Task details: Please, from the entries below, transcribe exactly the lines that begin at the line with "Buy stock photo" and end at the line with "A9614- BOUQUET OF", without the pictures.

Exercise materials:
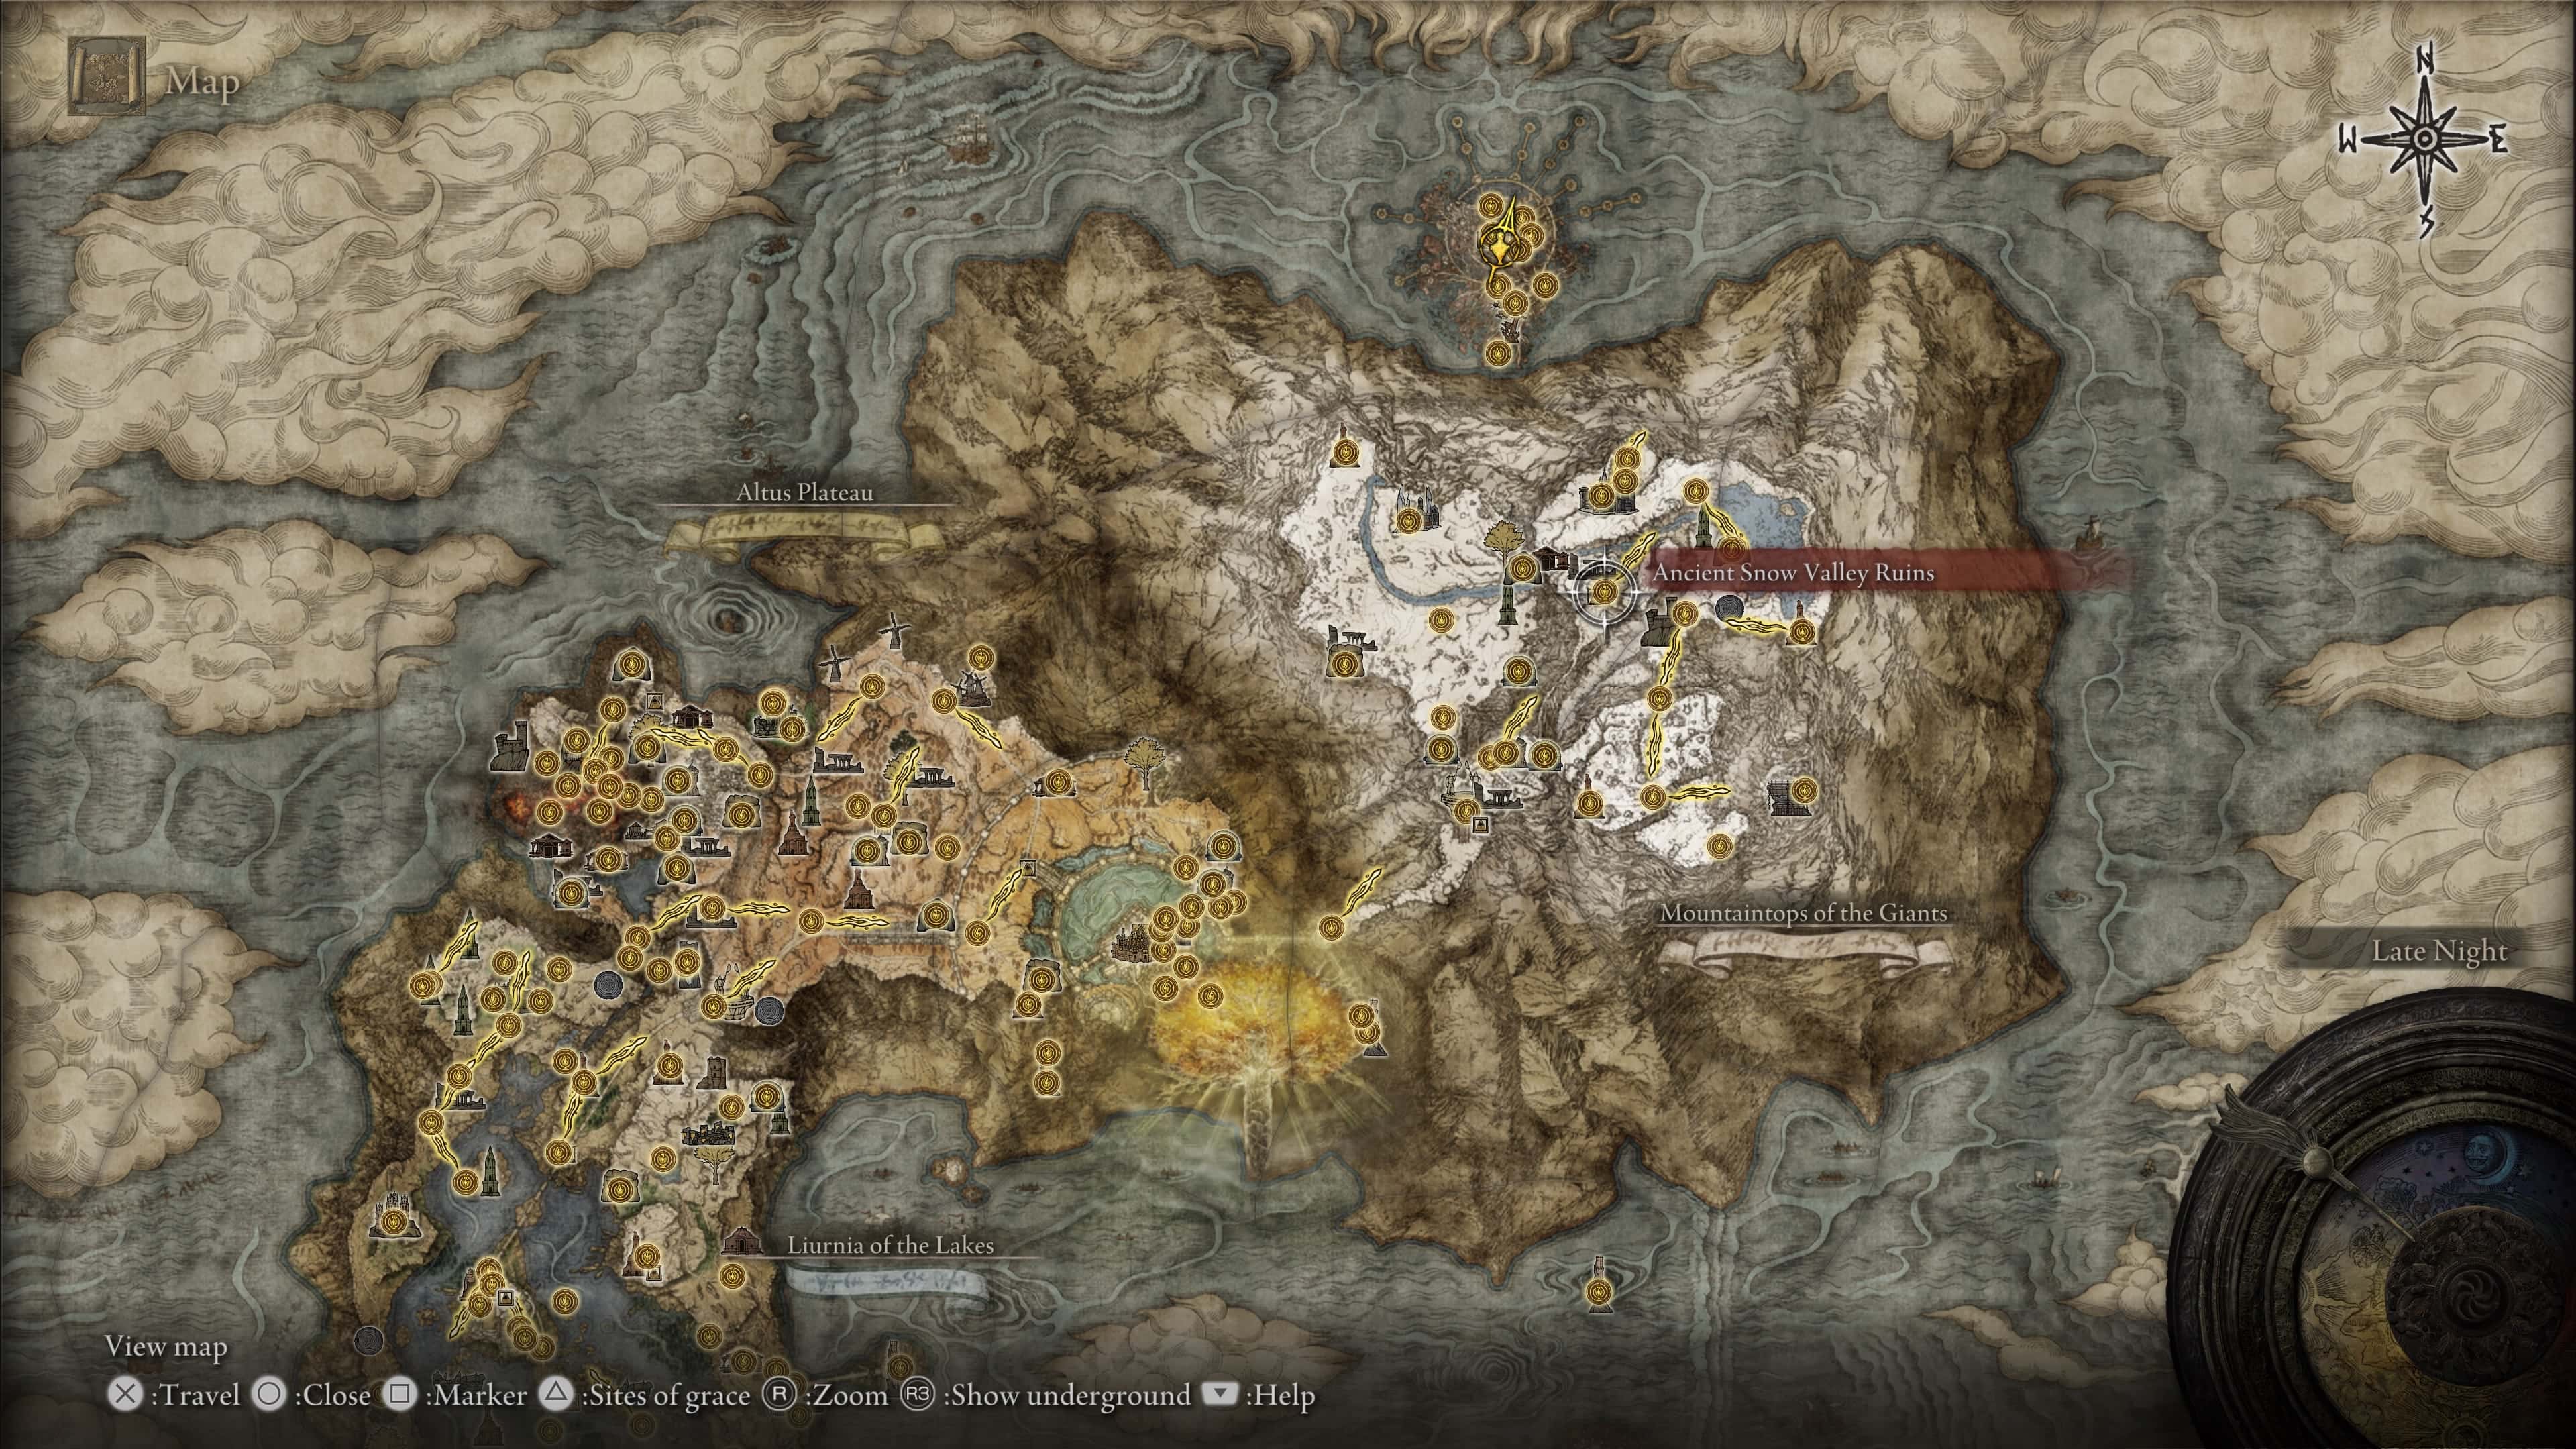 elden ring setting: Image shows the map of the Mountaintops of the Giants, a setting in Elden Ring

* * *

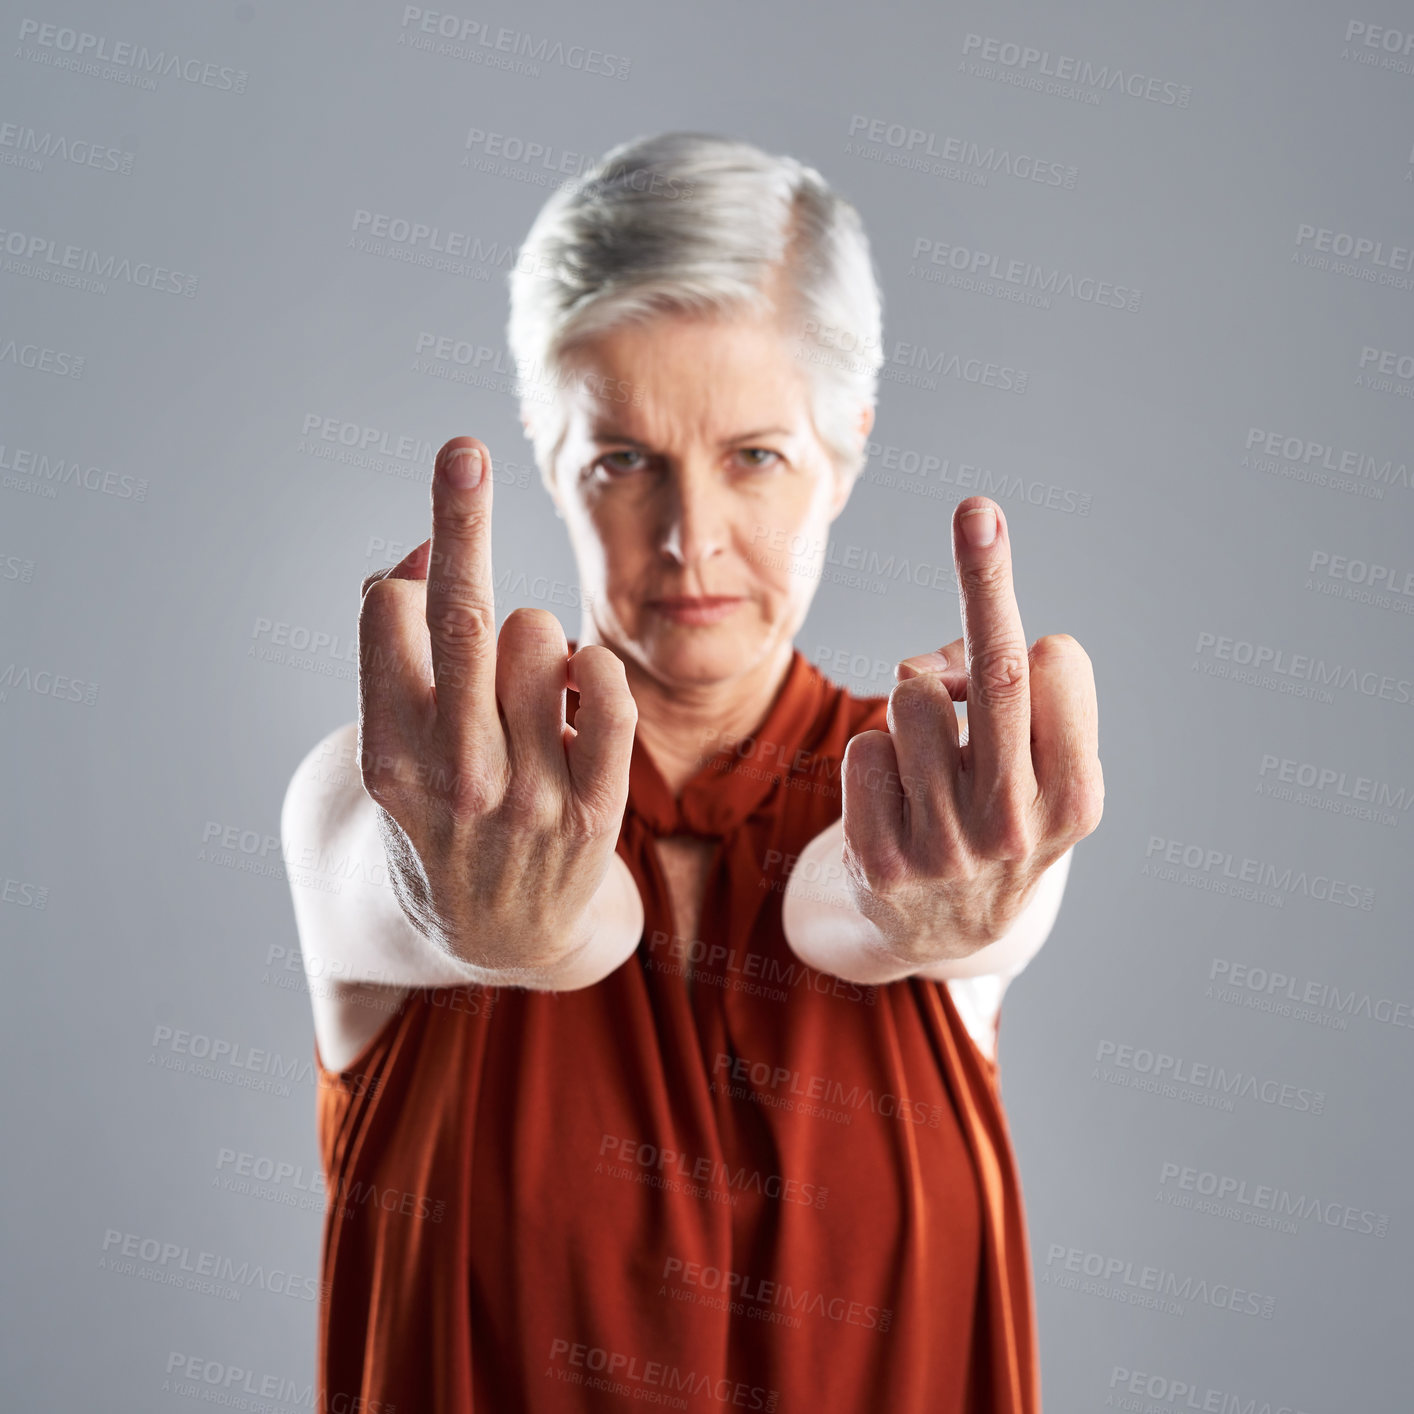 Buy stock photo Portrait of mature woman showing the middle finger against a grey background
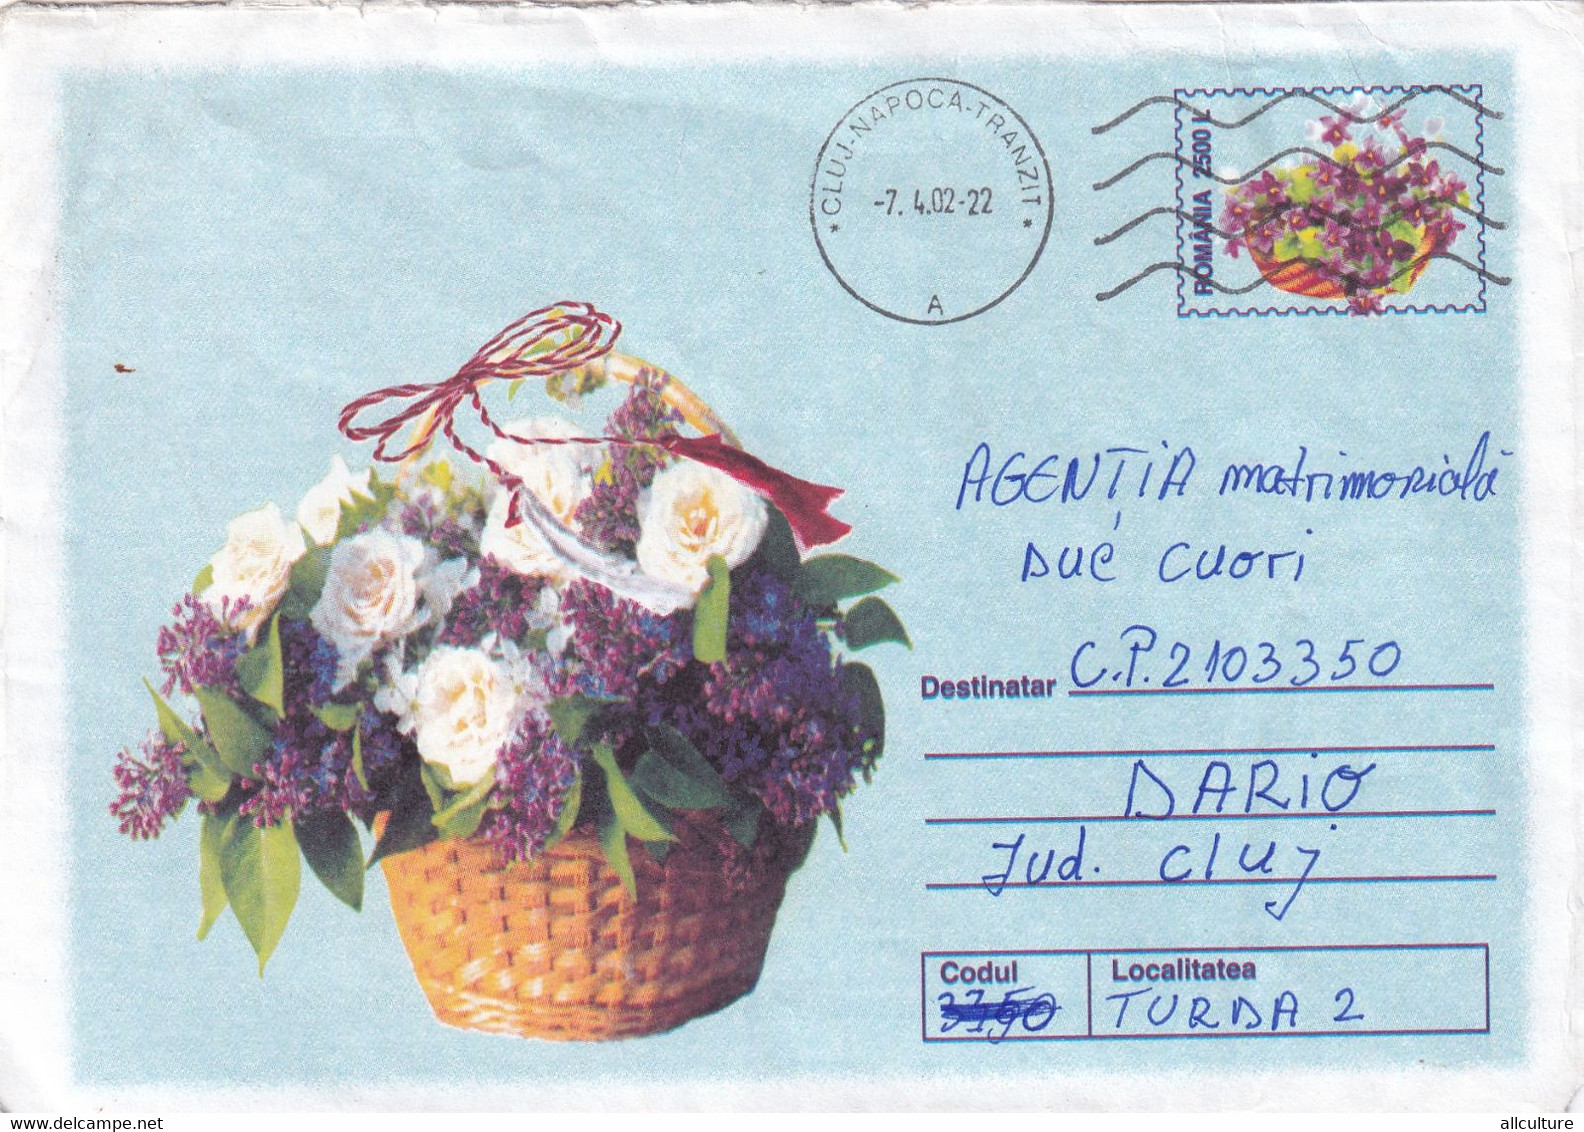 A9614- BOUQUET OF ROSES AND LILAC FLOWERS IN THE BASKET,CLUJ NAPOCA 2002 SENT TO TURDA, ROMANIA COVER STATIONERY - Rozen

...

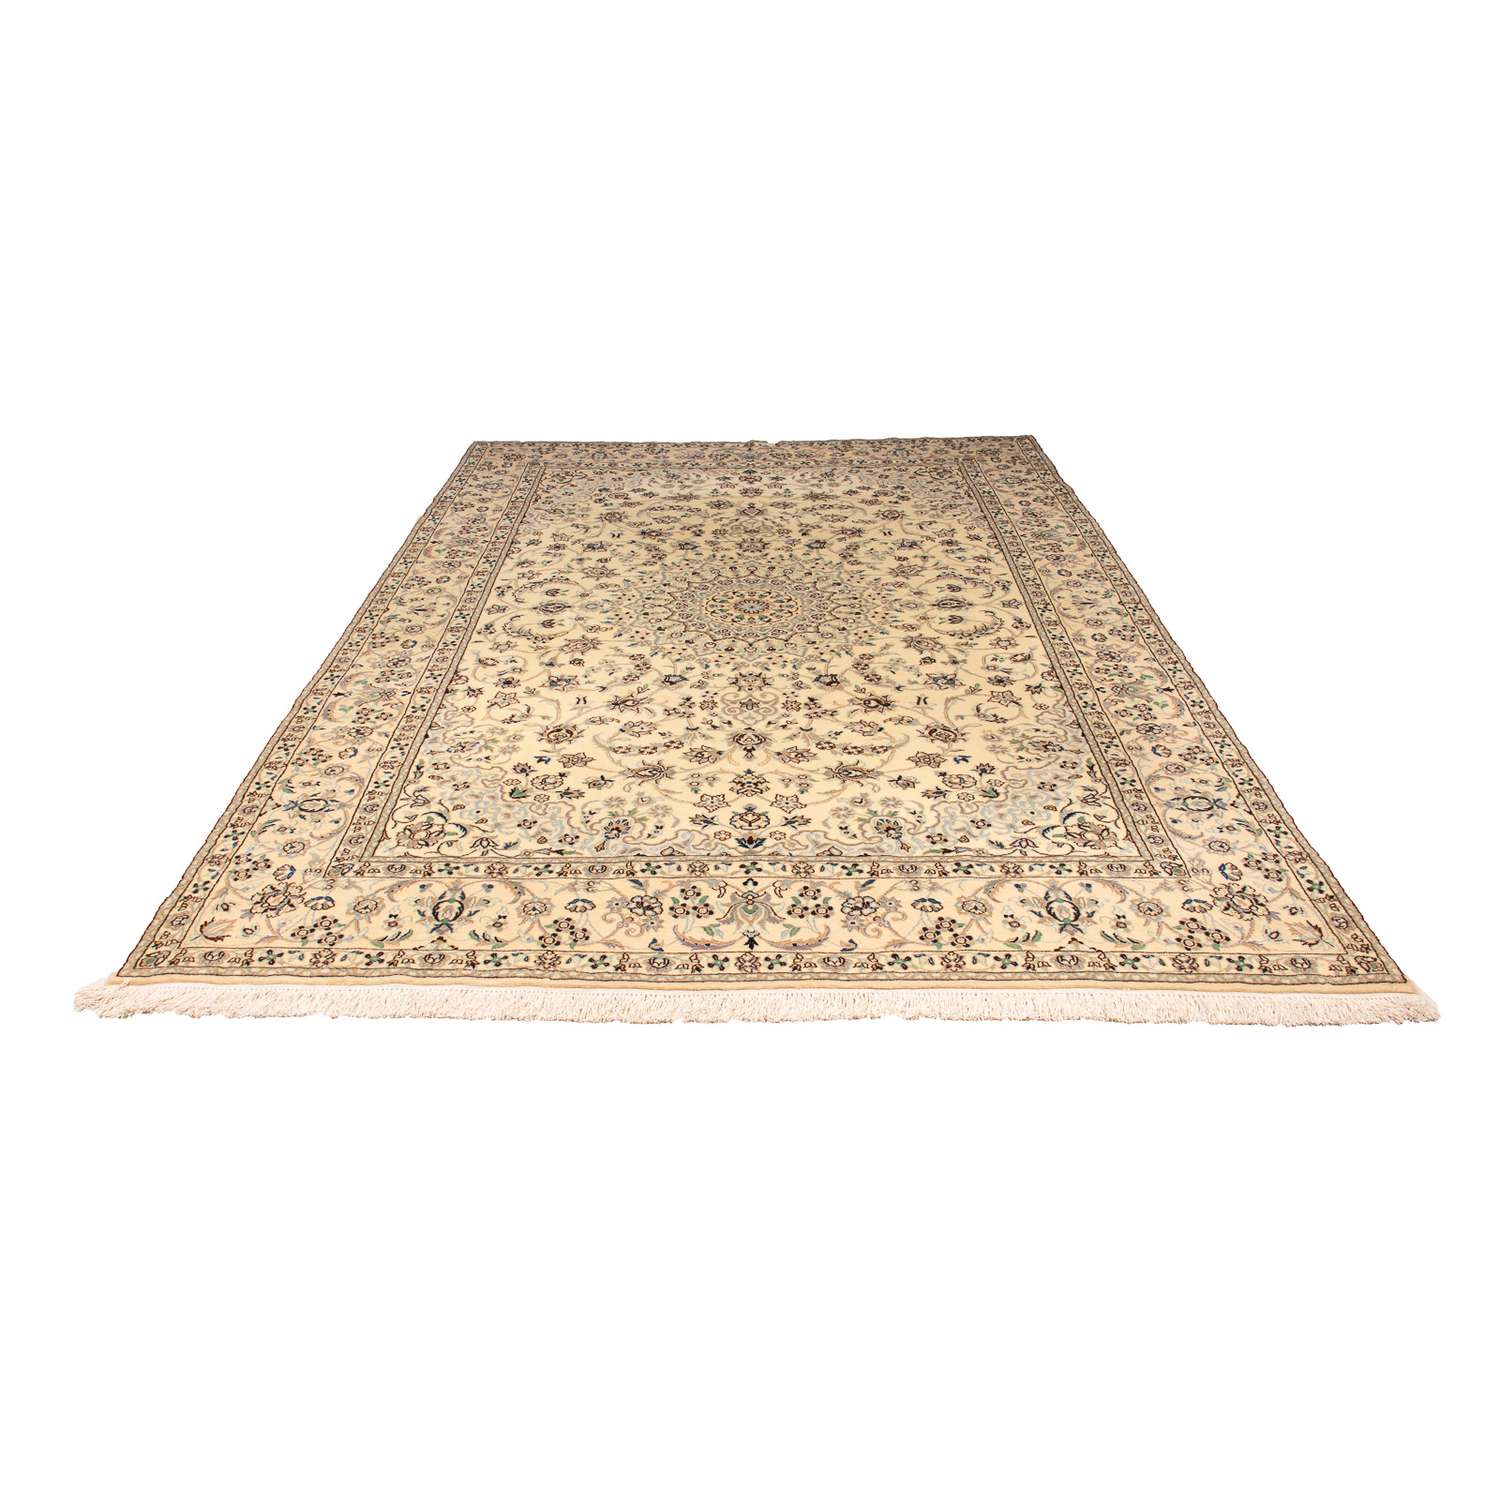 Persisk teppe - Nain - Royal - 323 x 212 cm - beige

Exercise result:
 Buy stock photo Portrait of mature woman showing the middle finger against a grey background
 A9614- BOUQUET OF ROSES AND LILAC FLOWERS IN THE BASKET,CLUJ NAPOCA 2002 SENT TO TURDA, ROMANIA COVER STATIONERY - Rozen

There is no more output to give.